### PROBLEM DESCRIPTION
Output exactly the lines from the one containing "Tight dress blowjob porn tube" through the final line of the entries below, both included, and skip the pictures.

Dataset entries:
- - - - -

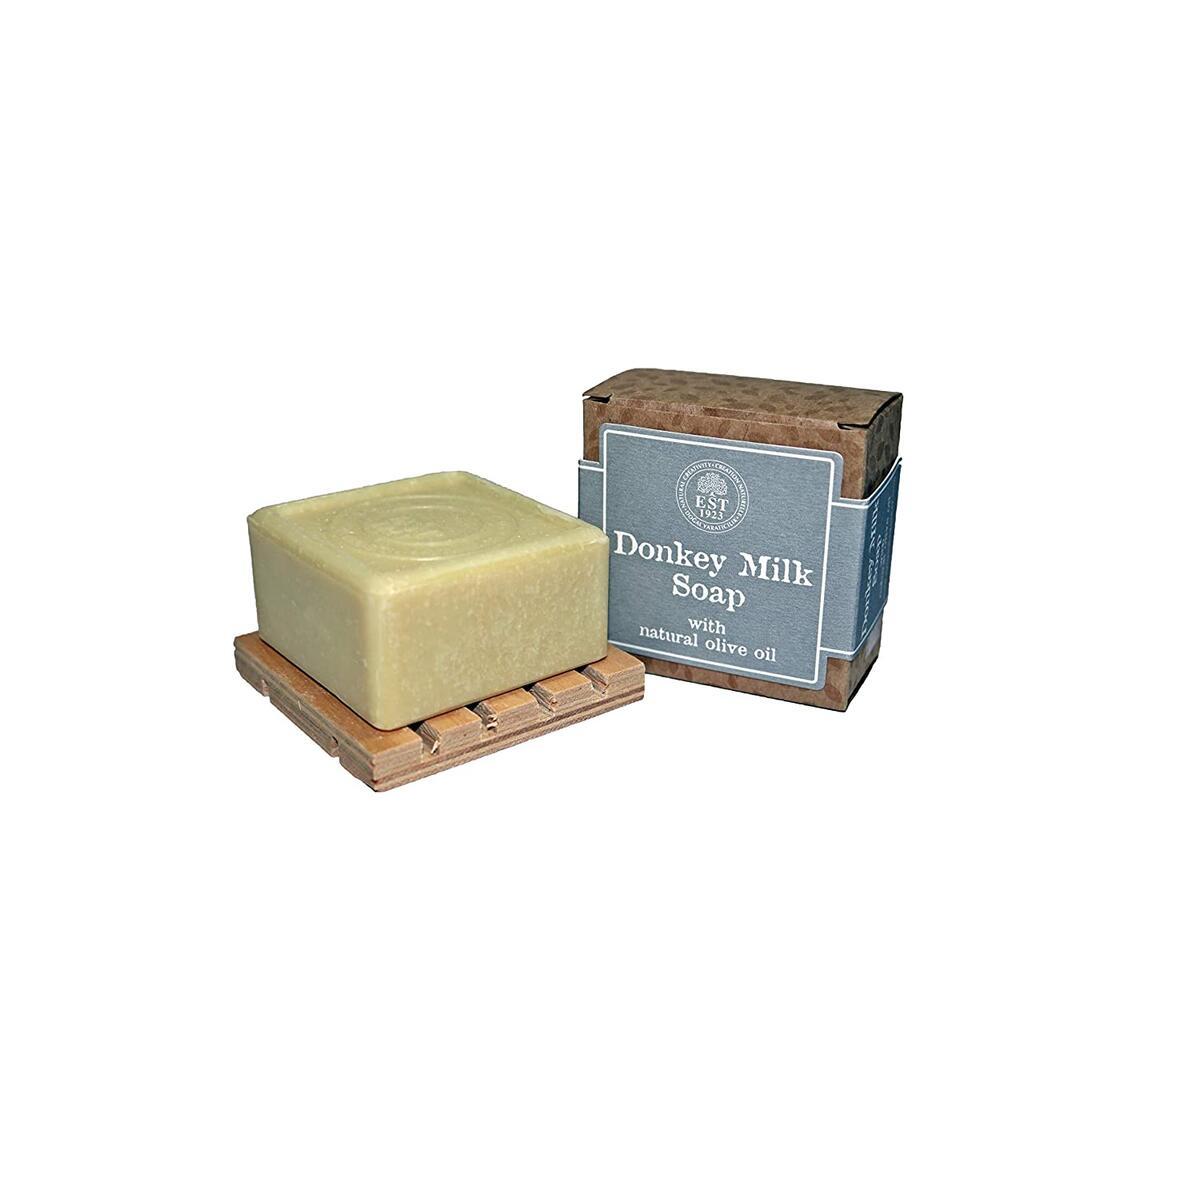 Donkey Milk Vegetarian Soap Bar - EST1923, Donkey Milk Soap, Donkey Milk Products for All Skin Types, Donkey Milk Skin Care, Vegetarian Soap Bar, Unscented Bar Soap, Paraben Free, Unisex
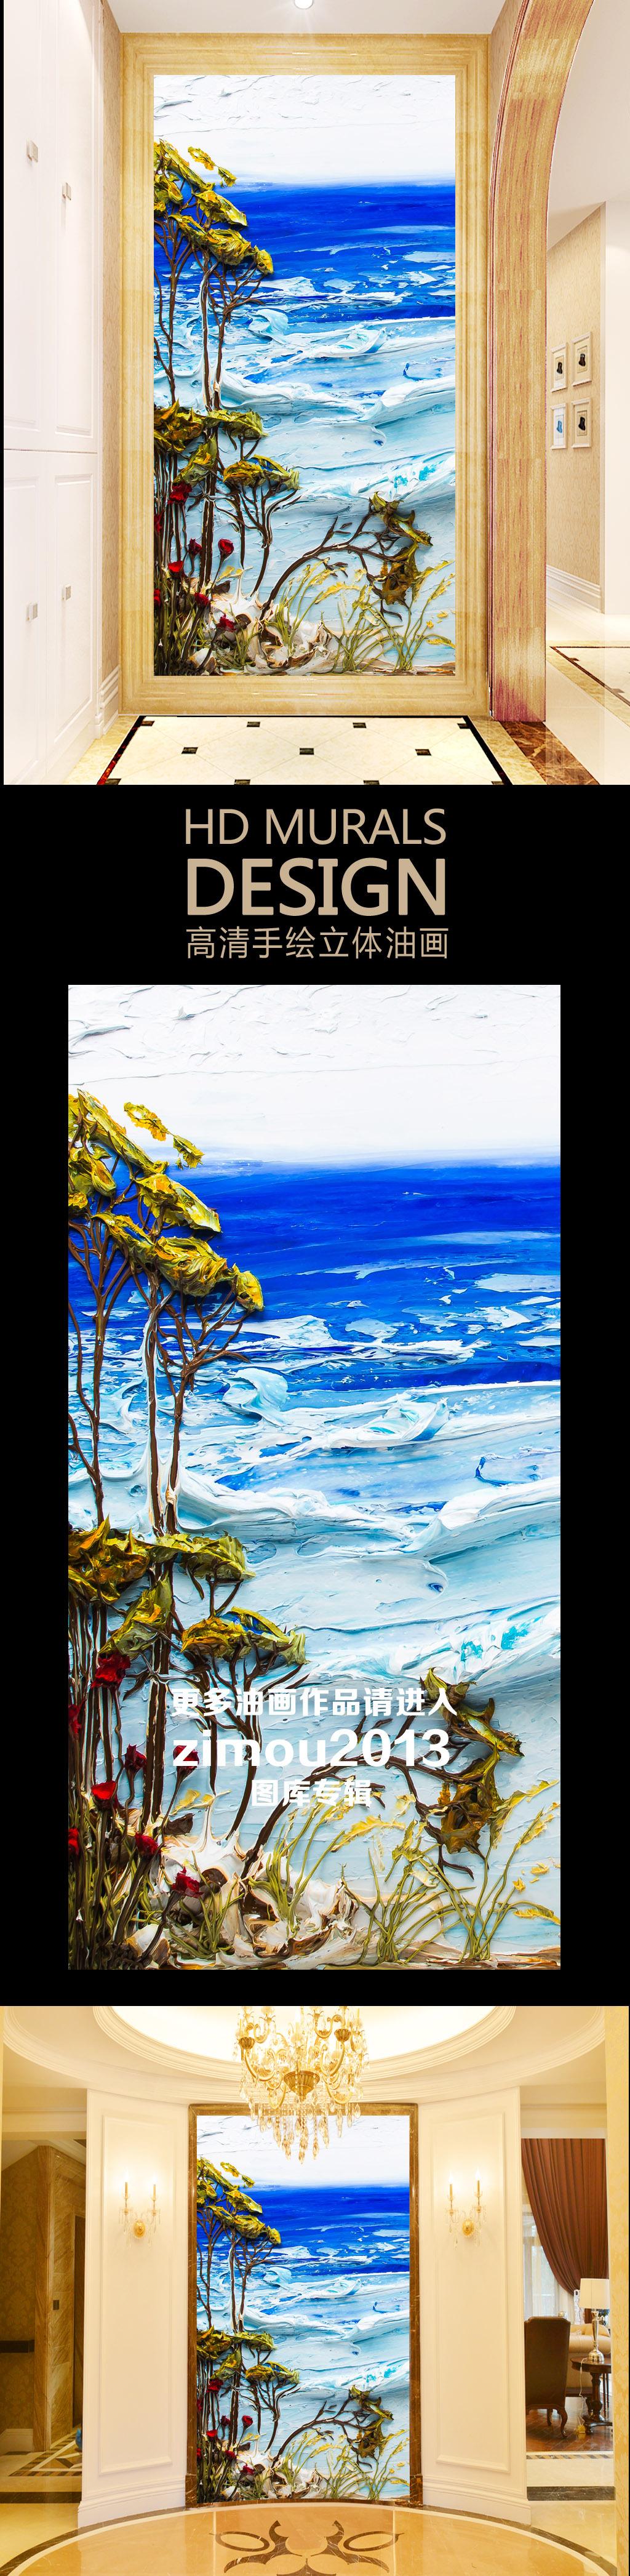 3d立体手绘风景画油画浮雕壁画玄关门厅
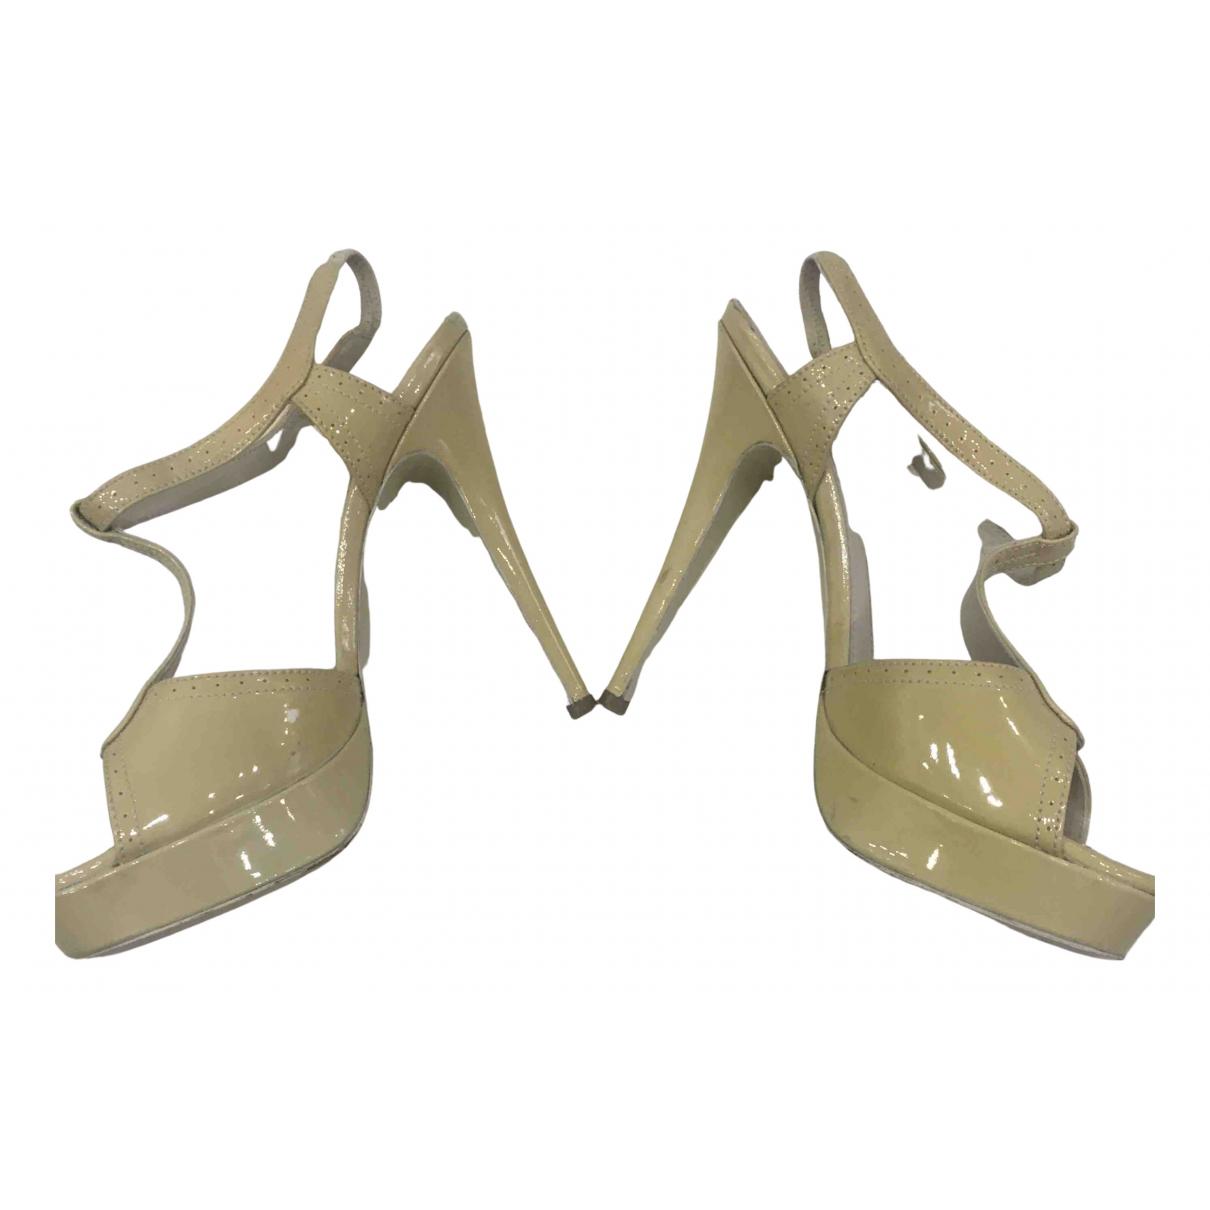 Yves Saint Laurent Tribute Beige Patent leather Sandals for Women 38.5 EU
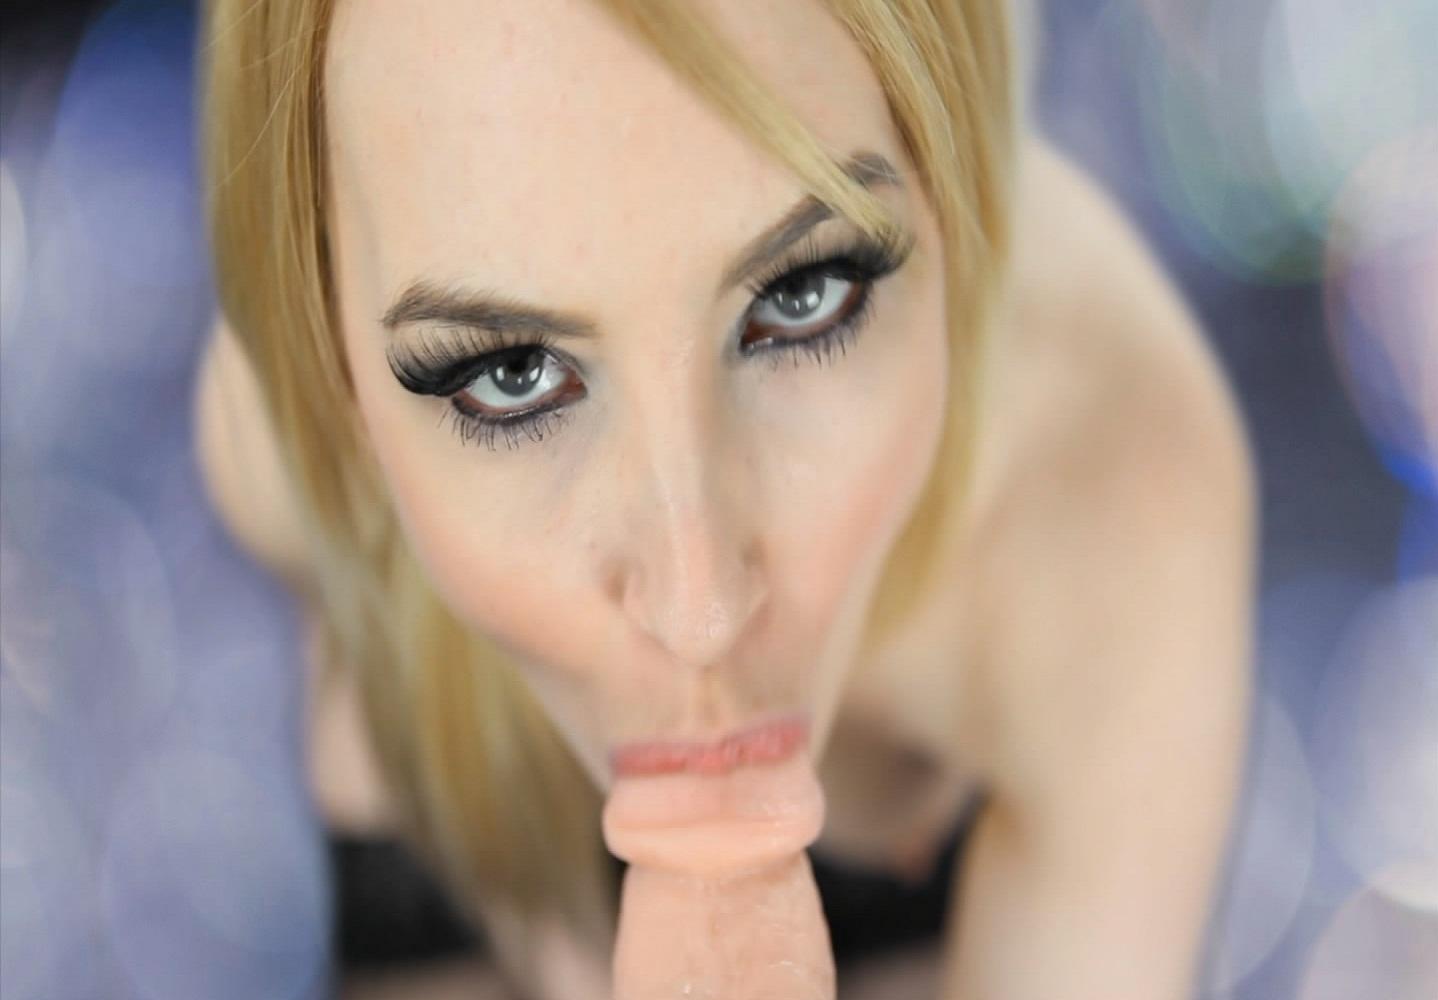 Tight dress blowjob porn tube
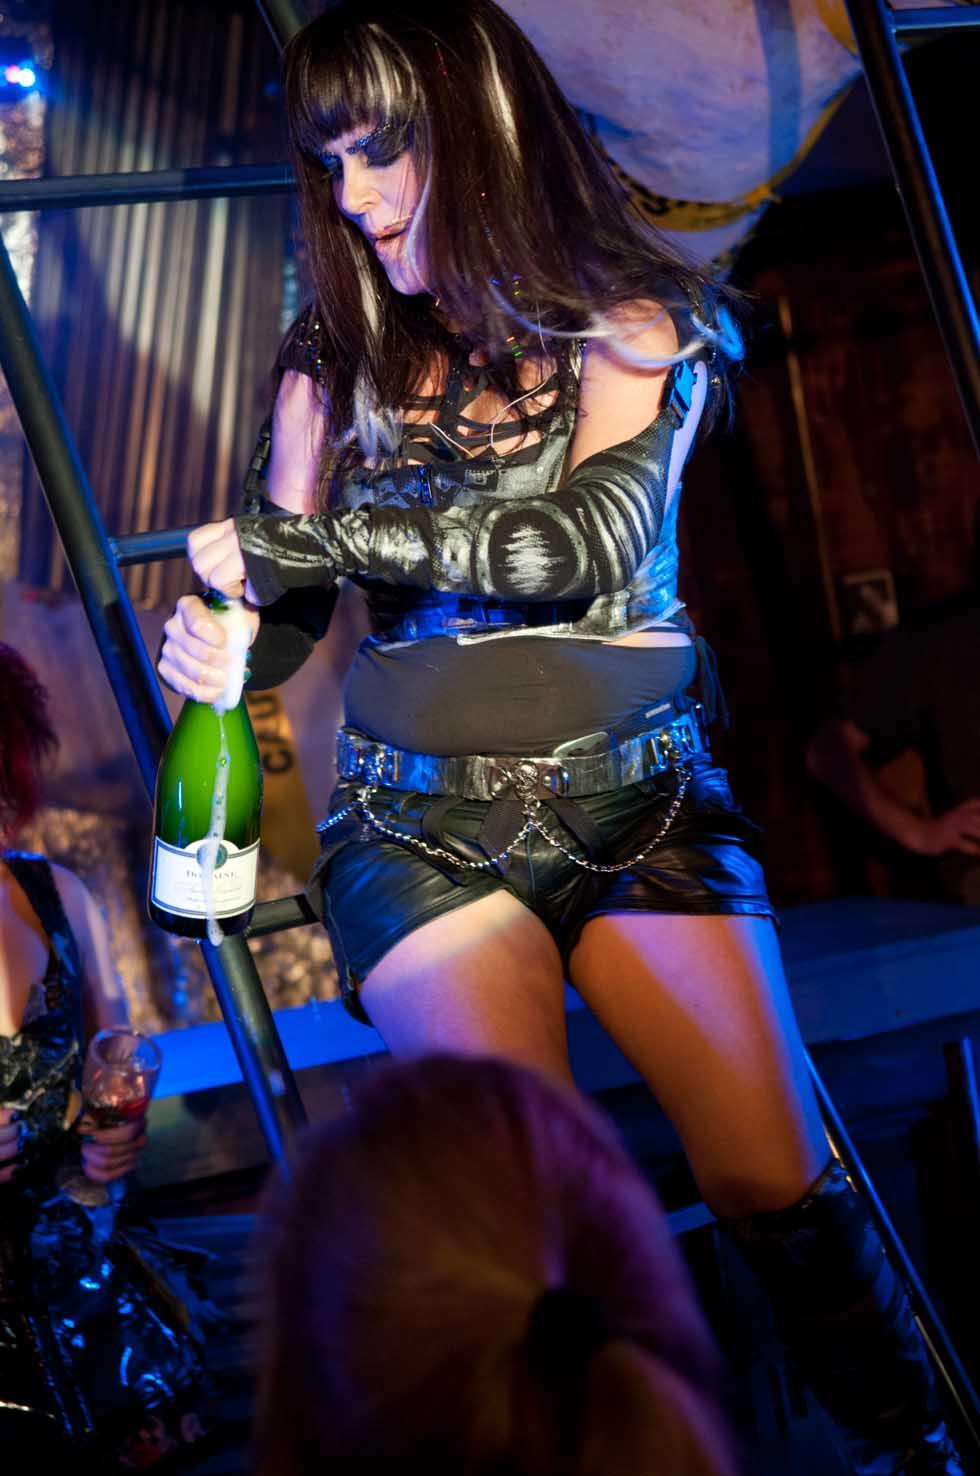 zum-schneider-nyc-2012-karneval-apocalyptika-4014.jpg

- - - - -

### EXERCISE ANSWER
 Tight dress blowjob porn tube
 zum-schneider-nyc-2012-karneval-apocalyptika-4014.jpg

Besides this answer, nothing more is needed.